L’immigrazione, umanitaria ed economica, va considerata un’opportunità, e non solo un problema. Il fenomeno migratorio va gestito con razionalità e con una condivisione di responsabilità tra gli Stati dell’Unione europea, a partire dalla rivisitazione del Trattato di Dublino e la revisione degli accordi Italia-Libia. Tra le misure prioritarie: l’incremento dei numeri programmati d’ingresso sul prossimo decreto flussi; il superamento dei gravi ritardi nell’esame delle domande di regolarizzazione e l’estensione dei percorsi di emersione a tutti quei settori con un’alta presenza di lavoratori immigrati; il rafforzamento degli Sportelli Unici per l’Immigrazione con personale stabilizzato; la valorizzazione di tutti gli accordi di settore sulla formazione e l’inserimento dei lavoratori rifugiati; il riconoscimento della cittadinanza ai figli di migranti attraverso lo Ius Scholae. L’attenzione mediatica e politica spesso si concentra sull’immigrazione che, nella nostra regione come nell’intero paese, si è fortemente ridimensionata per le note ragioni economiche, sottovalutando il fenomeno crescente e molto preoccupante della emigrazione dei nostri giovani verso altre regioni o all’estero. Vanno indagate le ragioni di questo fenomeno e messe in atto politiche mirate al contrasto della dispersione delle competenze e dei suoi effetti demografici.
Il sistema previdenziale necessita di una riforma nel segno dell’equità, della sostenibilità e della inclusività tale da garantire meccanismi di flessibilità in uscita. Ribadiamo le nostre proposte: pensione contributiva di garanzia per i giovani; riconoscimento del lavoro di cura; sostegno pubblico all’adesione alla previdenza complementare; maggiore supporto ai lavoratori precoci, a chi svolge lavori gravosi e usuranti e Ape sociale permanente e allargata; possibilità di andare in pensione a partire da 62 anni e anche in presenza di 41 di contributi a prescindere dall’età anagrafica. Per quanto riguarda le donne, chiediamo sconti contributivi alle madri lavoratrici e rivisitazione dei coefficienti di calcolo. Per i pensionati, infine, chiediamo l’estensione della 14ma e nuovi adeguamenti al costo della vita.

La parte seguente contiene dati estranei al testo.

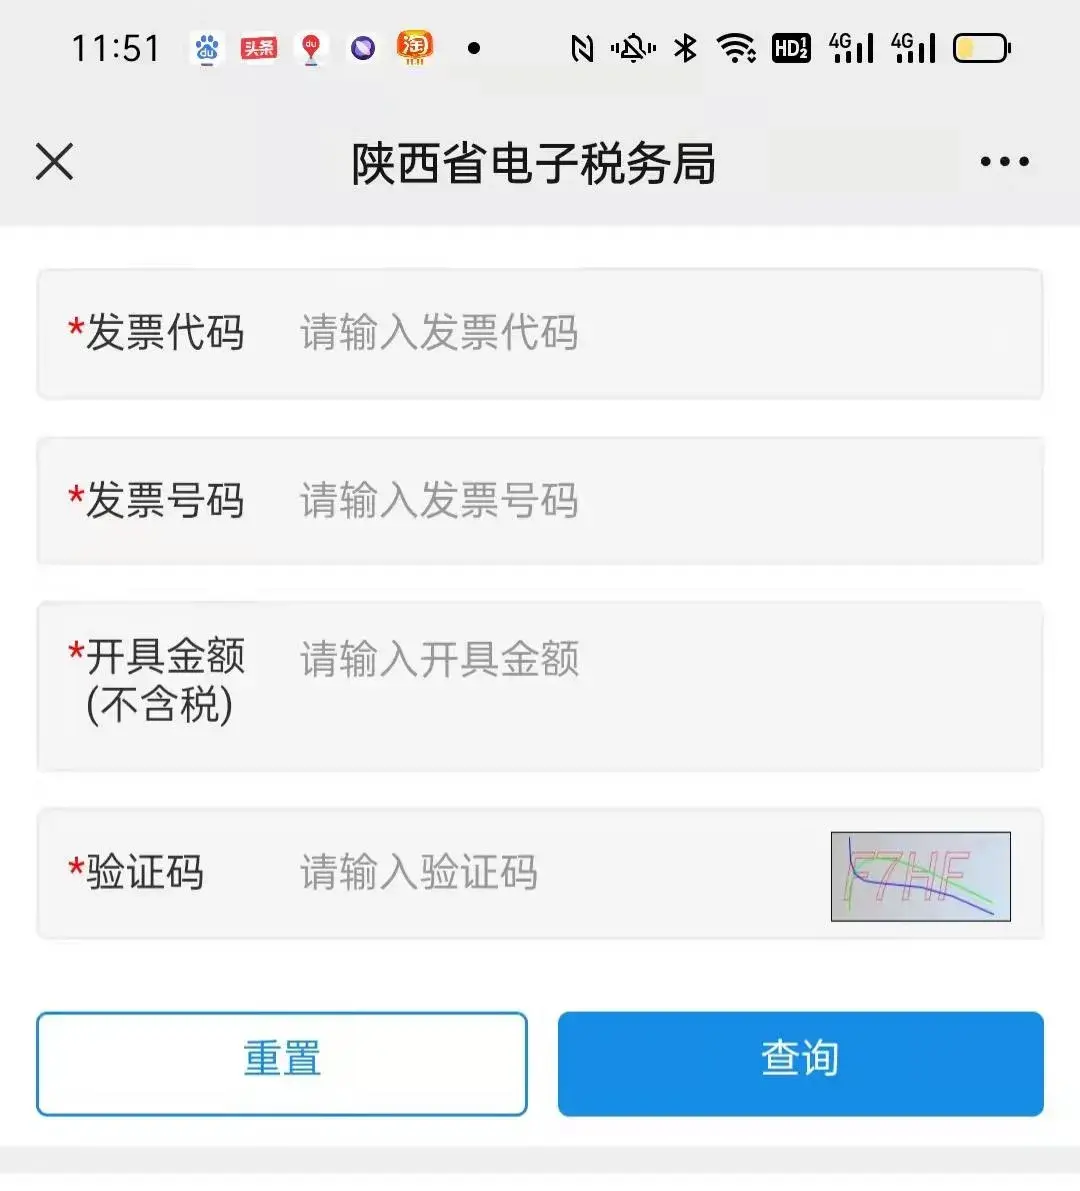 也可以通过陕西税务的微信公众号登陆电子税务局,进行发票真伪的

Serve una riforma complessiva del fisco che ridistribuisca il carico a favore delle fasce deboli e risponda alla piaga dell’evasione. Riteniamo importante proseguire sul percorso avviato nell’ultima Legge di Bilancio, attraverso una riduzione del peso del fisco su lavoratori dipendenti e pensionati, semplificando l’imposta e garantendone la progressività. Altri interventi da tenere in considerazione riguardano la revisione delle spese fiscali, il contrasto concreto ed efficace all’evasione fiscale, l’introduzione di una tassa di successione sui grandi patrimoni, la continuità nella digitalizzazione dei pagamenti e delle fatturazioni, l’azzeramento della tassazione sui premi di produttività, la revisione delle aliquote IVA nell’ottica di distinguere i beni necessari da quelli di lusso, diversamente dall’ipotesi di estensione di tassazione piatta.
CGIL CISL e UIL delle Marche chiedono con forza ai parlamentari, che verranno eletti in questa regione, un dialogo continuativo con questo territorio e con le forze sociali che lo rappresentano, un impegno fattivo ed una presenza costante, nel dibattito politico nazionale, rispetto ai problemi e alle difficoltà della nostra comunità.